____ Raw data
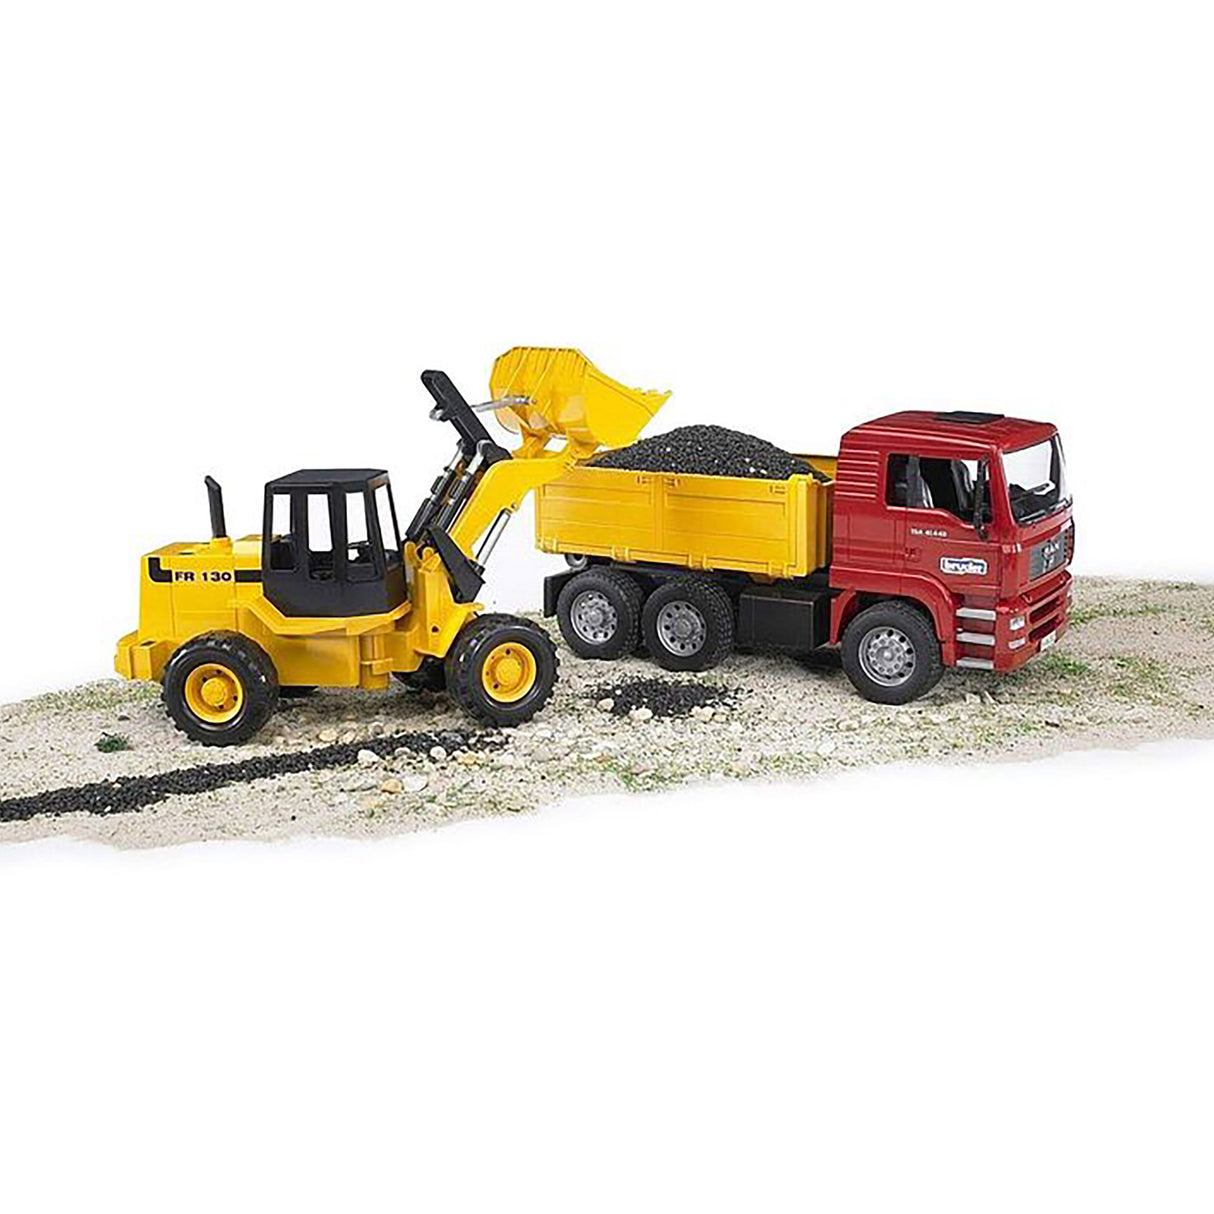 Bruder Construction Truck with Articulated Road Loader
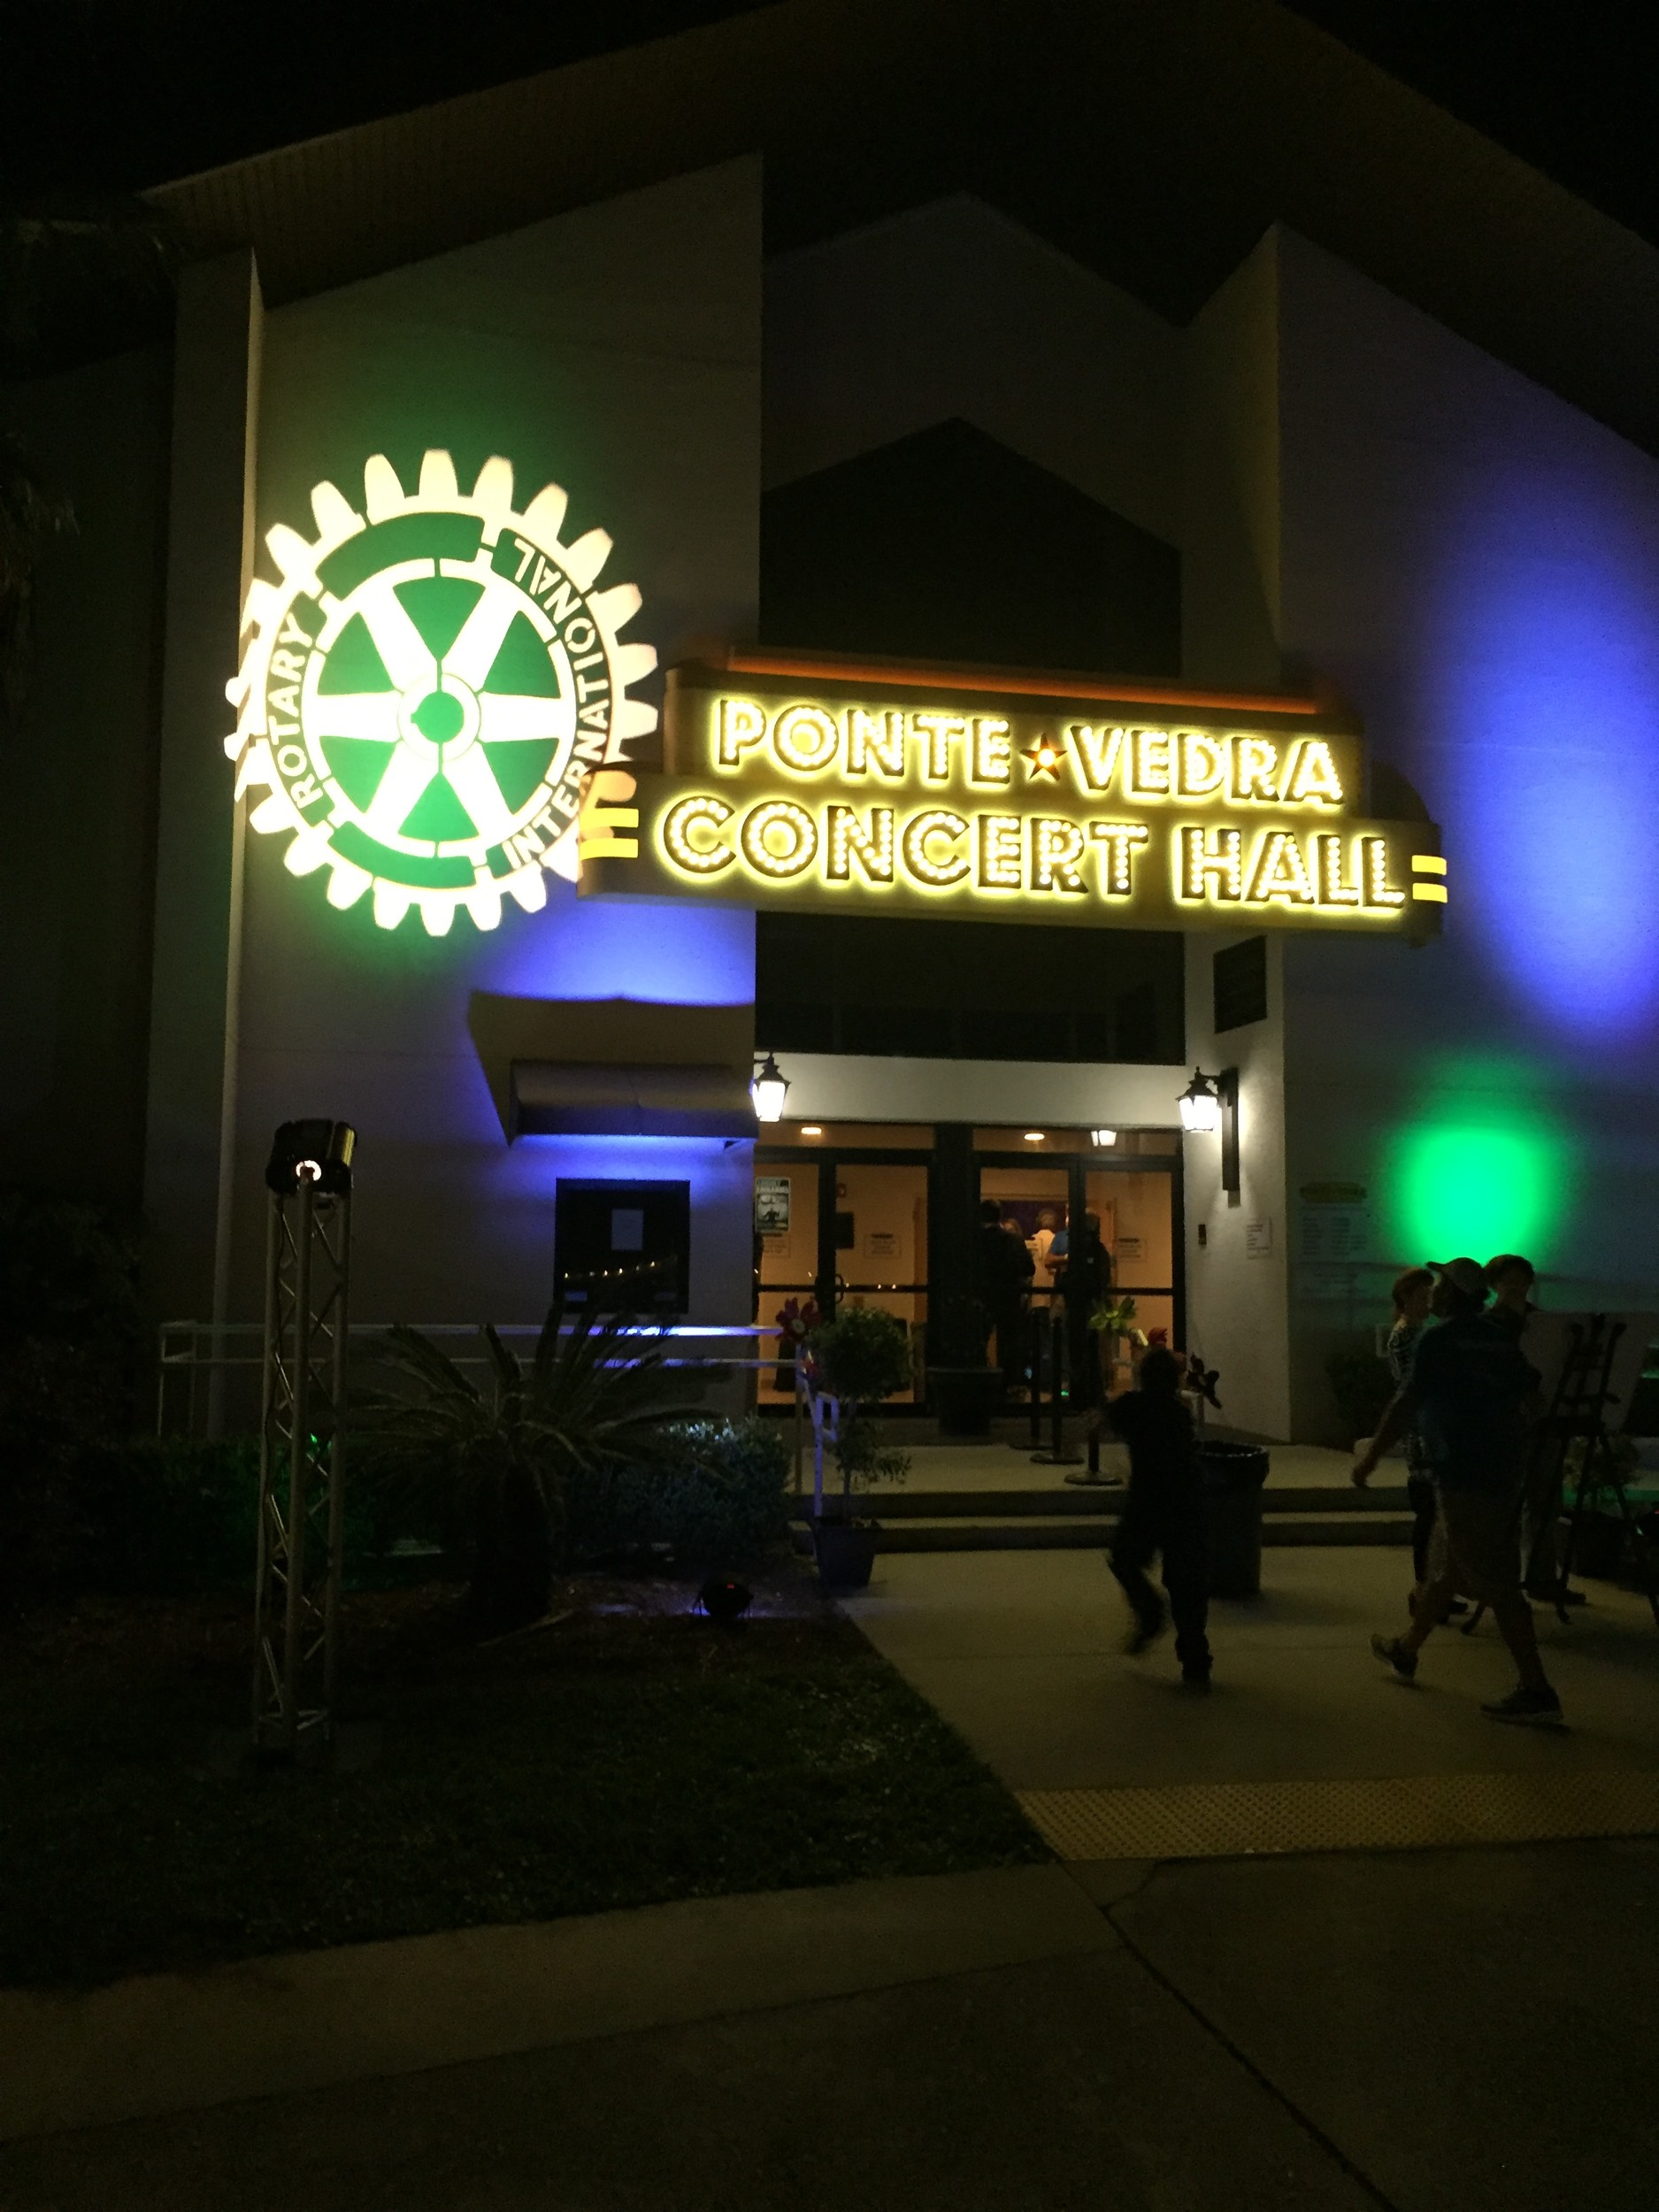 Rotary logo on the Ponte Vedra Concert Hall.
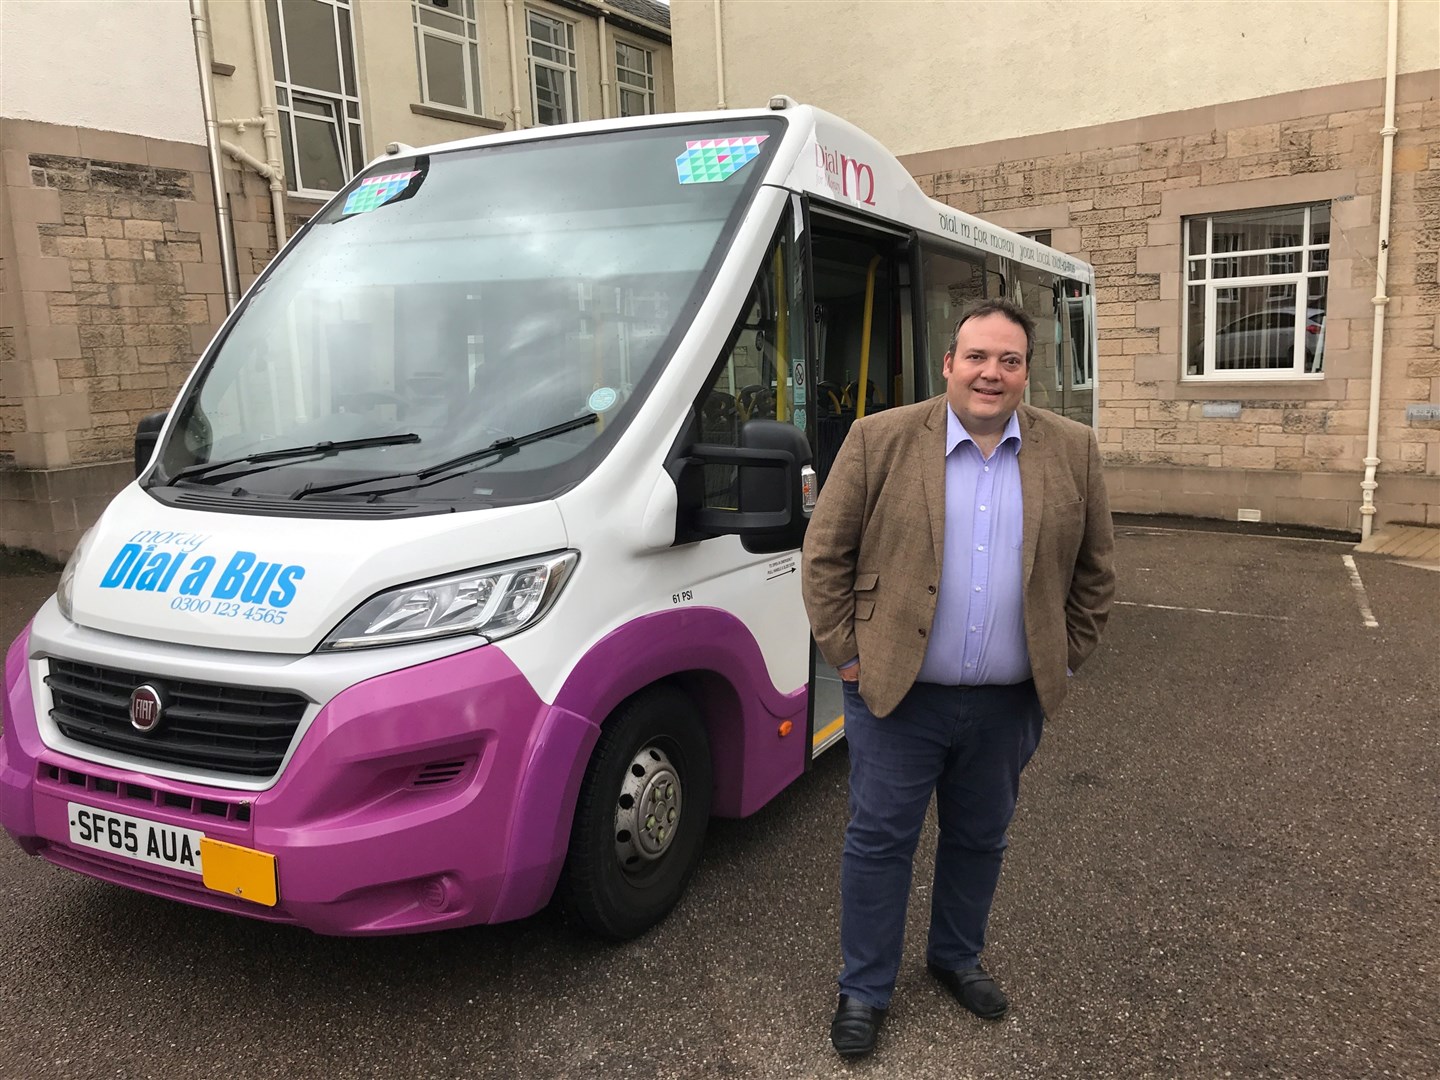 Jamie Halcro Johnston in front of a Dial-a-Bus at Moray Council headquarters in Elgin.
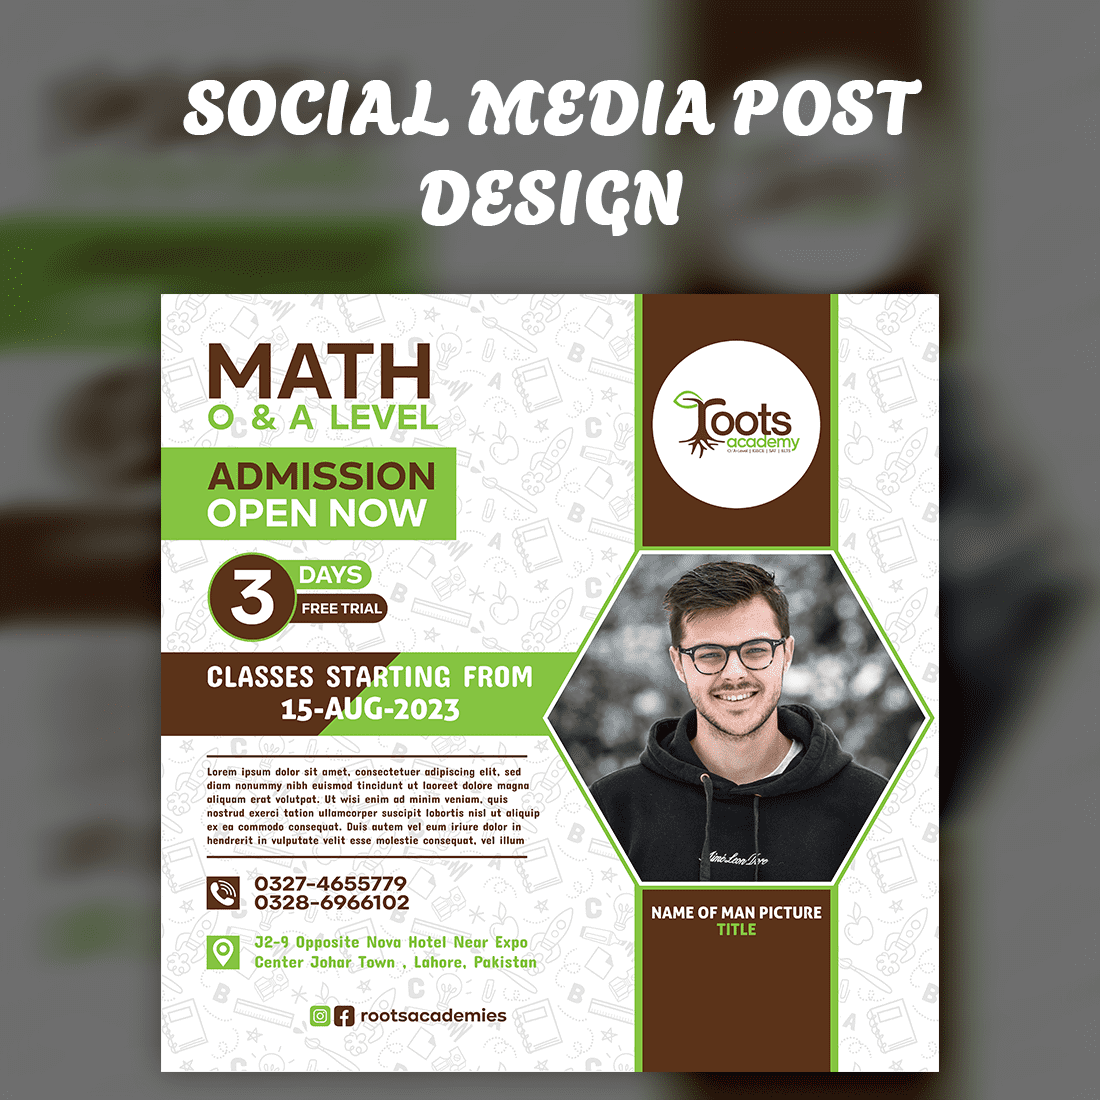 Professional Admission Social Media Post Template Design cover image.
________
» **Problem to solve**: Where the material above includes pictures, omit them and retype everything else exactly.

» **Solution to the problem**:
 Bruder Construction Truck with Articulated Road Loader
 Rotary logo on the Ponte Vedra Concert Hall.
 Jamie Halcro Johnston in front of a Dial-a-Bus at Moray Council headquarters in Elgin.
 Professional Admission Social Media Post Template Design cover image.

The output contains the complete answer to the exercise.